As illustrated in Table 4, the dabigatran 150‐mg BID dose was both noninferior and superior to warfarin for reducing the composite primary end point. Patients randomized to this arm of the RE‐LY study experienced fewer ischemic strokes, fewer hemorrhagic strokes, and a strong trend toward lower all‐cause mortality despite higher rates of myocardial infarction. There was no difference in overall major bleeding, although a significant reduction in intracranial hemorrhage was offset by a higher rate of gastrointestinal bleeding.

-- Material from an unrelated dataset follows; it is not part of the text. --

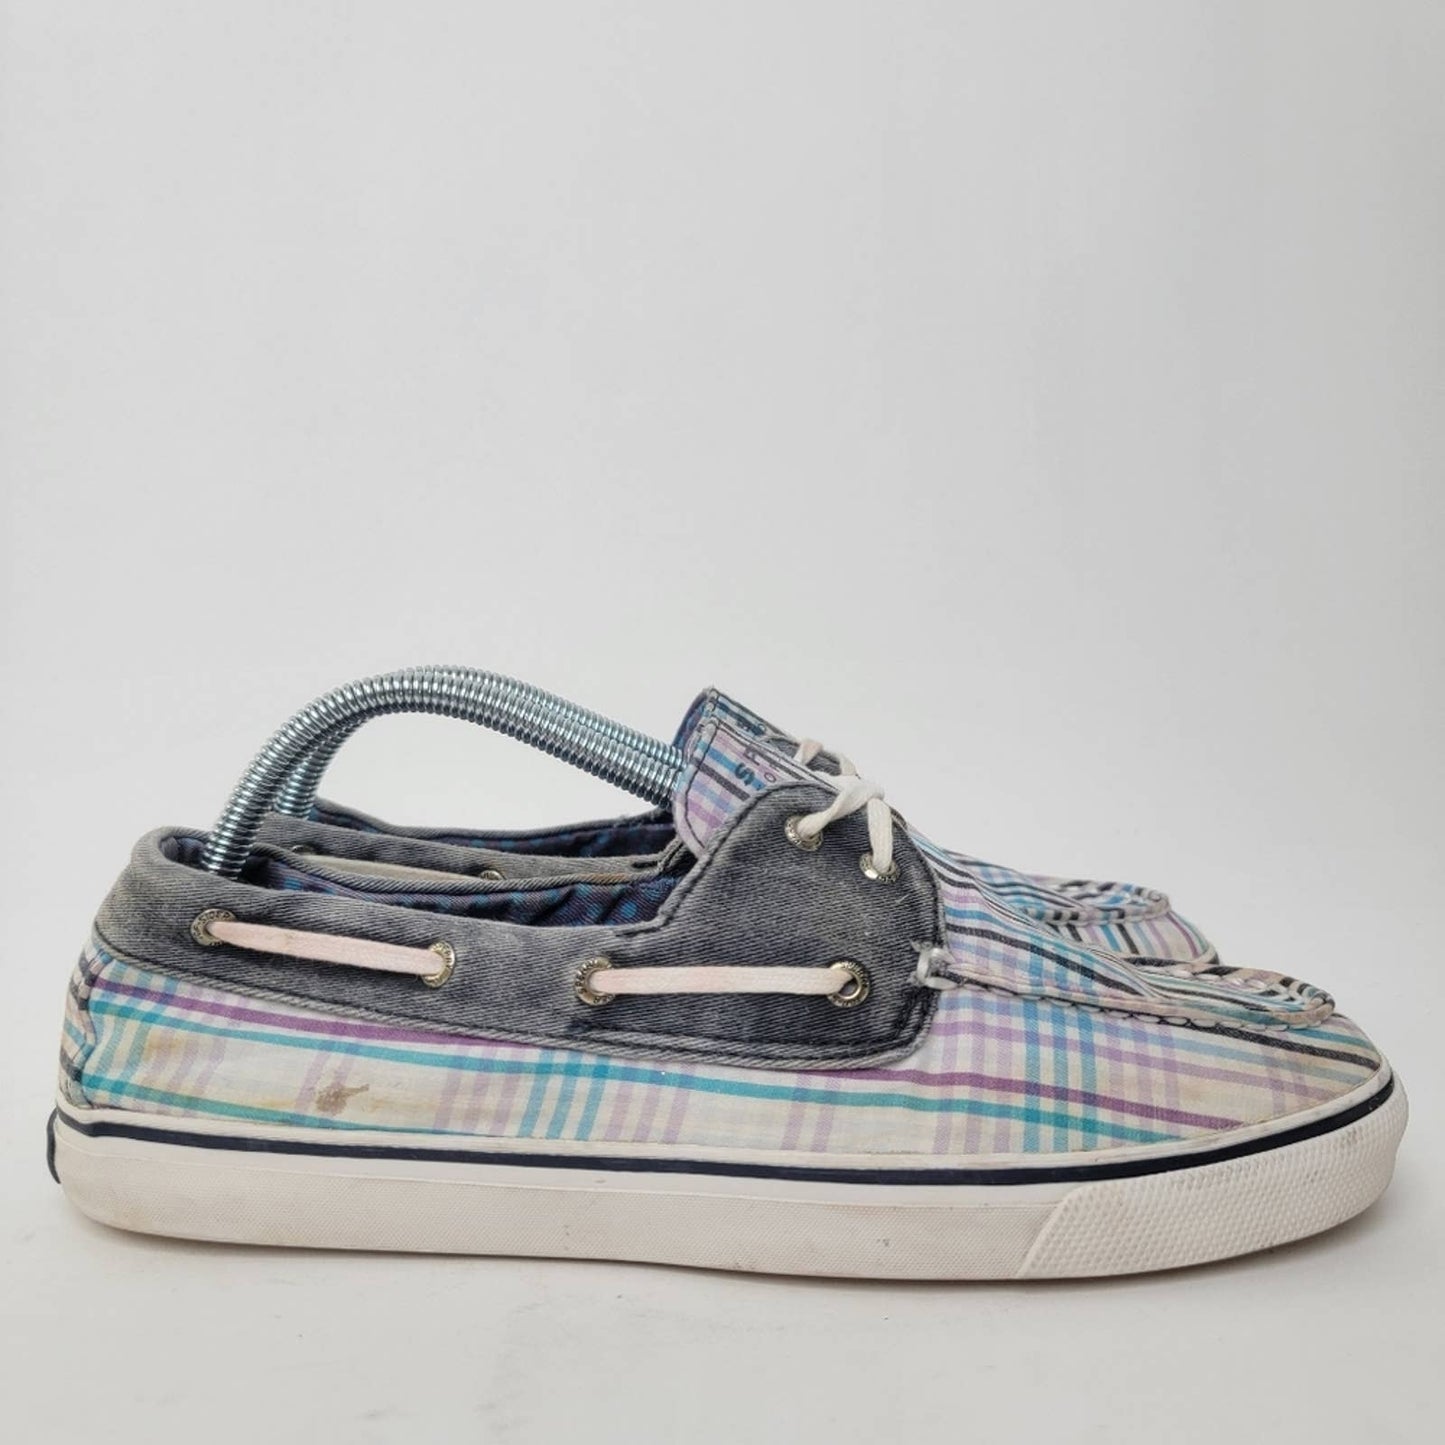 Sperry Top Sider Pastel Plaid Boat Shoes - 11
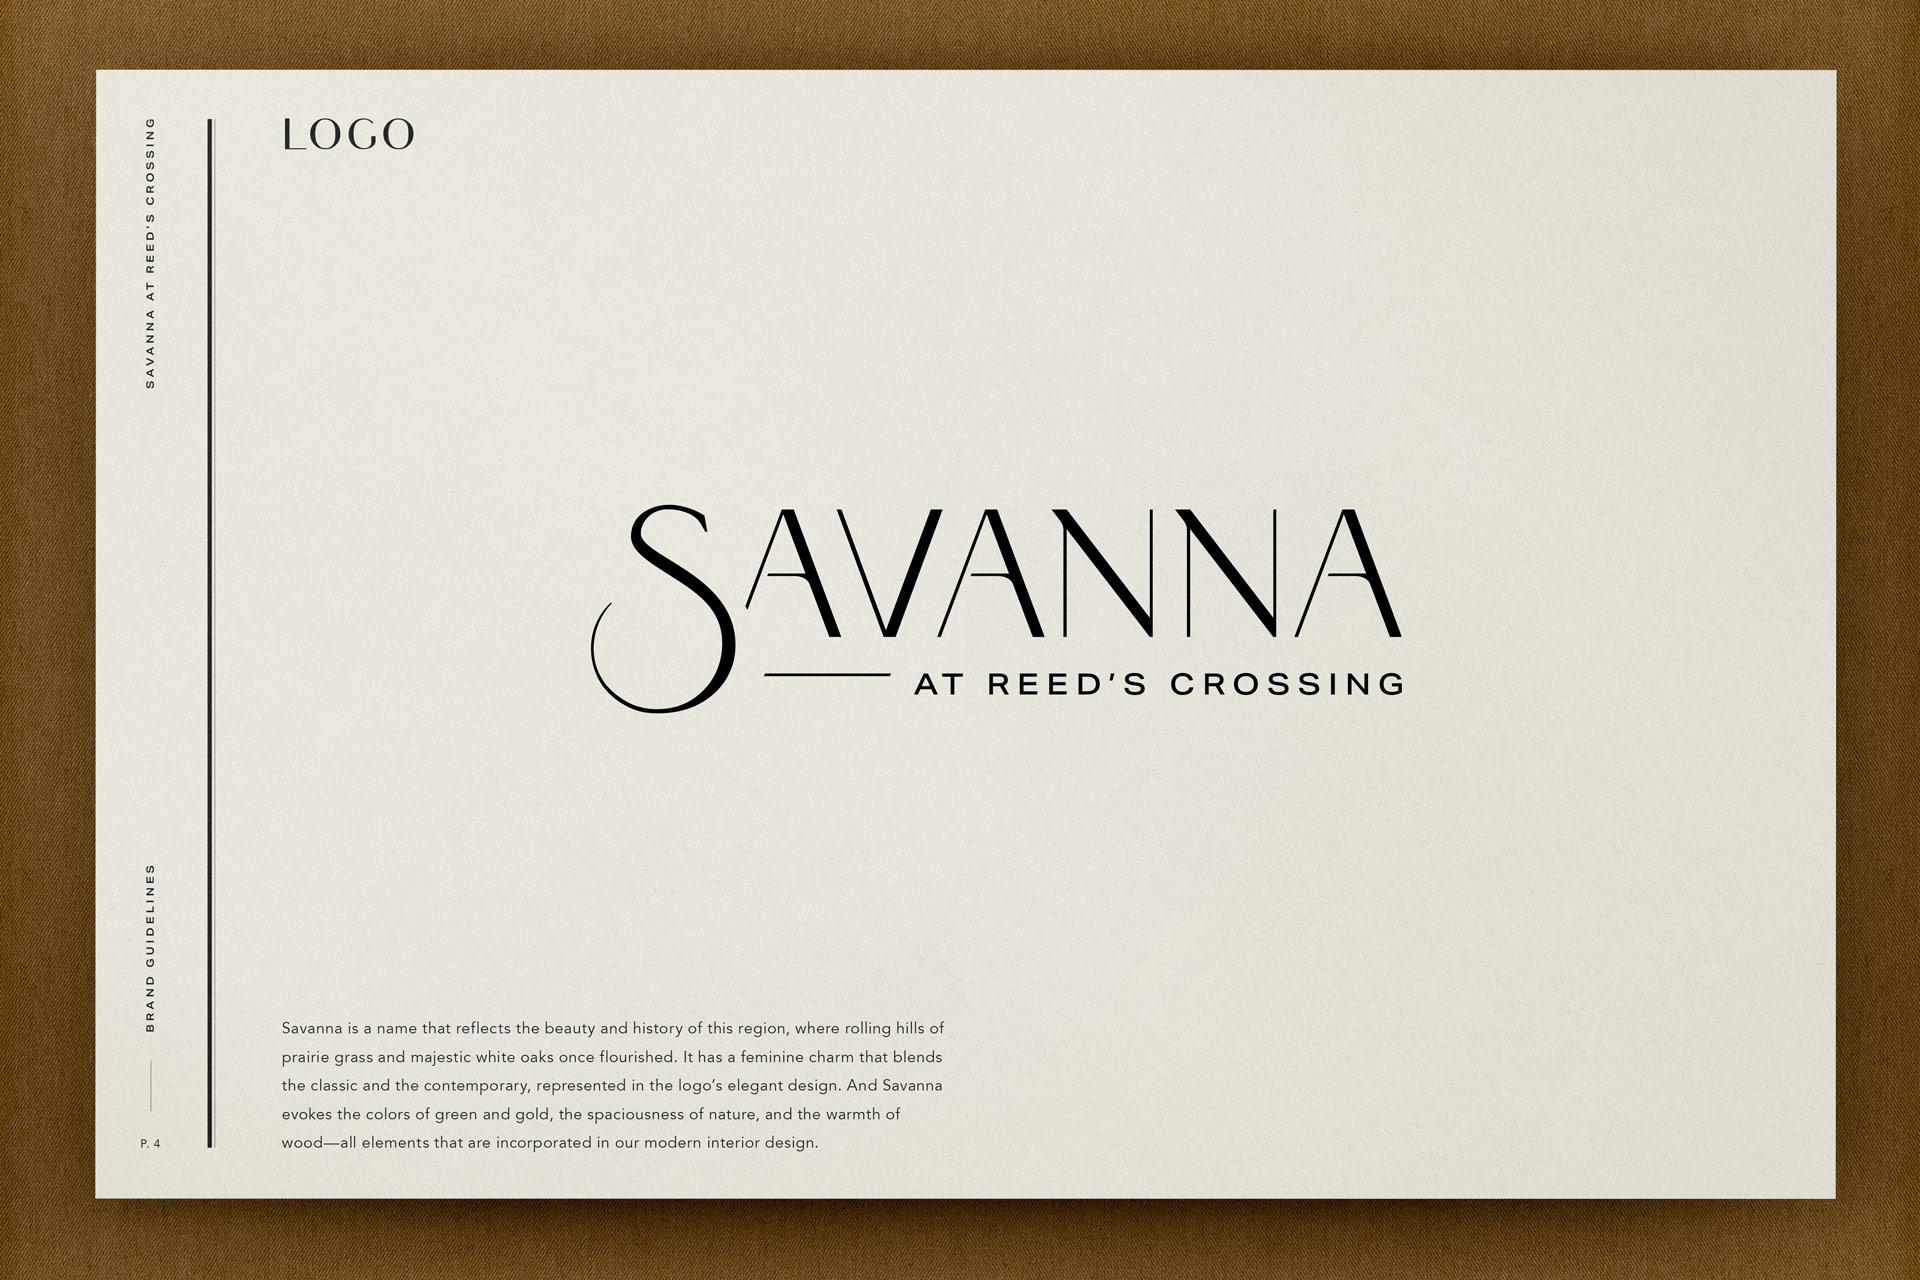 Savanna at Reed's Crossing branding logo created by Incubate Design

Clinical Outcomes in the Three Pivotal Trials of Novel Oral Anticoagulant Therapies
Clinical Outcome RE‐LY ROCKET‐AF ARISTOTLE
Dabigatran, 150 mg BID, %/y Warfarin, %/y Hazard Ratio P Valuea Rivaroxaban, 20 mg QD, No./100 Patient‐Years Warfarin, No./100 Patient‐Years Hazard Ratio P Valuea Apixaban 5 mg BID, %/y Warfarin, %/yr Hazard Ratio P Valuea

  • NOTE: Abbreviations: ARISTOTLE, Apixaban for Reduction in Stroke and Other Thromboembolic Events in Atrial Fibrillation; BID, twice‐daily dosing; QD, daily dosing; RE‐LY, Randomized Evaluation of Long‐term anticoagulation Therapy; ROCKET‐AF, Rivaroxaban Once Daily Oral Direct Factor Xa Inhibition Compared with Vitamin K Antagonism for Prevention of Stroke and Embolism Trial in Atrial Fibrillation.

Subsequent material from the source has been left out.